The hood was pulled up, as it was insupport-ably hot, and at twelve o'clock the tarantass left Perm in a cloud of dust.

The way in which the iemschik kept up the pace of his team would have certainly astonished travelers who, being neither Russians nor Siberians, were not accustomed to this sort of thing. The leader, rather larger than the others, kept to a steady long trot, perfectly regular, whether up or down hill. The two other horses seemed to know no other pace than the gallop, though they performed many an eccentric curvette as they went along. The iemschik, however, never touched them, only urging them on by startling cracks of his whip. But what epithets he lavished on them, including the names of all the saints in the calendar, when they behaved like docile and conscientious animals! The string which served as reins would have had no influence on the spirited beasts, but the words "na pravo," to the right, "na levo," to the left, pronounced in a guttural tone, were more effectual than either bridle or snaffle.

And what amiable expressions! "Go on, my doves!" the iemschik would say. "Go on, pretty swallows! Fly, my little pigeons! Hold up, my cousin on the left! Gee up, my little father on the right!"

But when the pace slackened, what insulting expressions, instantly understood by the sensitive animals! "Go on, you wretched snail! Confound you, you slug! I'll roast you alive, you tortoise, you!"

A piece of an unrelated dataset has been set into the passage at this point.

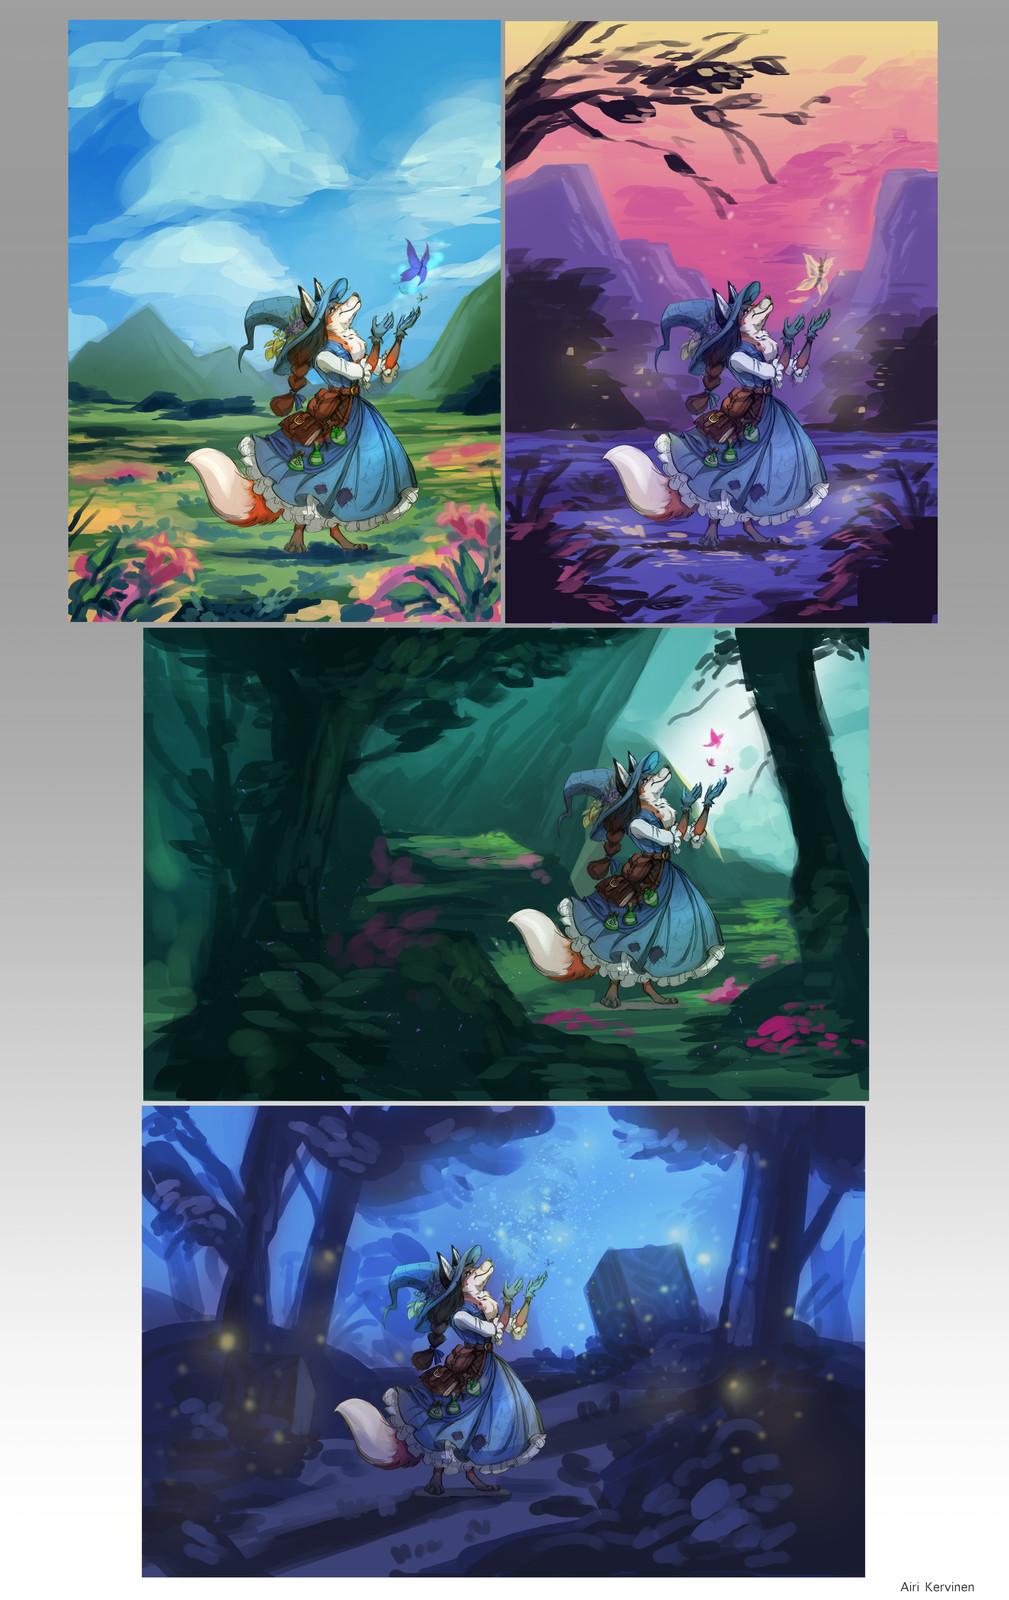 Thumbnails 1-4

Whether or not it was from this way of driving, which requires the iemschiks to possess strong throats more than muscular arms, the tarantass flew along at a rate of from twelve to fourteen miles an hour. Michael Strogoff was accustomed both to the sort of vehicle and the mode of traveling. Neither jerks nor jolts incommoded him. He knew that a Russian driver never even tries to avoid either stones, ruts, bogs, fallen trees, or trenches, which may happen to be in the road. He was used to all that. His companion ran a risk of being hurt by the violent jolts of the tarantass, but she would not complain.

For a little while Nadia did not speak. Then possessed with the one thought, that of reaching her journey's end, "I have calculated that there are three hundred versts between Perm and Ekaterenburg, brother," said she. "Am I right?"

"You are quite right, Nadia," answered Michael; "and when we have reached Ekaterenburg, we shall be at the foot of the Ural Mountains on the opposite side."

"How long will it take to get across the mountains?"

"Forty-eight hours, for we shall travel day and night. I say day and night, Nadia," added he, "for I cannot stop even for a moment; I go on without rest to Irkutsk."

"I shall not delay you, brother; no, not even for an hour, and we will travel day and night."

"Well then, Nadia, if the Tartar invasion has only left the road open, we shall arrive in twenty days."

"You have made this journey before?" asked Nadia.

"Many times."

"During winter we should have gone more rapidly and surely, should we not?"

"Yes, especially with more rapidity, but you would have suffered much from the frost and snow."

"What matter! Winter is the friend of Russia."

"Yes, Nadia, but what a constitution anyone must have to endure such friendship! I have often seen the temperature in the Siberian steppes fall to more than forty degrees below freezing point! I have felt, notwithstanding my reindeer coat, my heart growing chill, my limbs stiffening, my feet freezing in triple woolen socks; I have seen my sleigh horses covered with a coating of ice, their breath congealed at their nostrils. I have seen the brandy in my flask change into hard stone, on which not even my knife could make an impression. But my sleigh flew like the wind. Not an obstacle on the plain, white and level farther than the eye could reach! No rivers to stop one! Hard ice everywhere, the route open, the road sure! But at the price of what suffering, Nadia, those alone could say, who have never returned, but whose bodies have been covered up by the snow storm."

"However, you have returned, brother," said Nadia.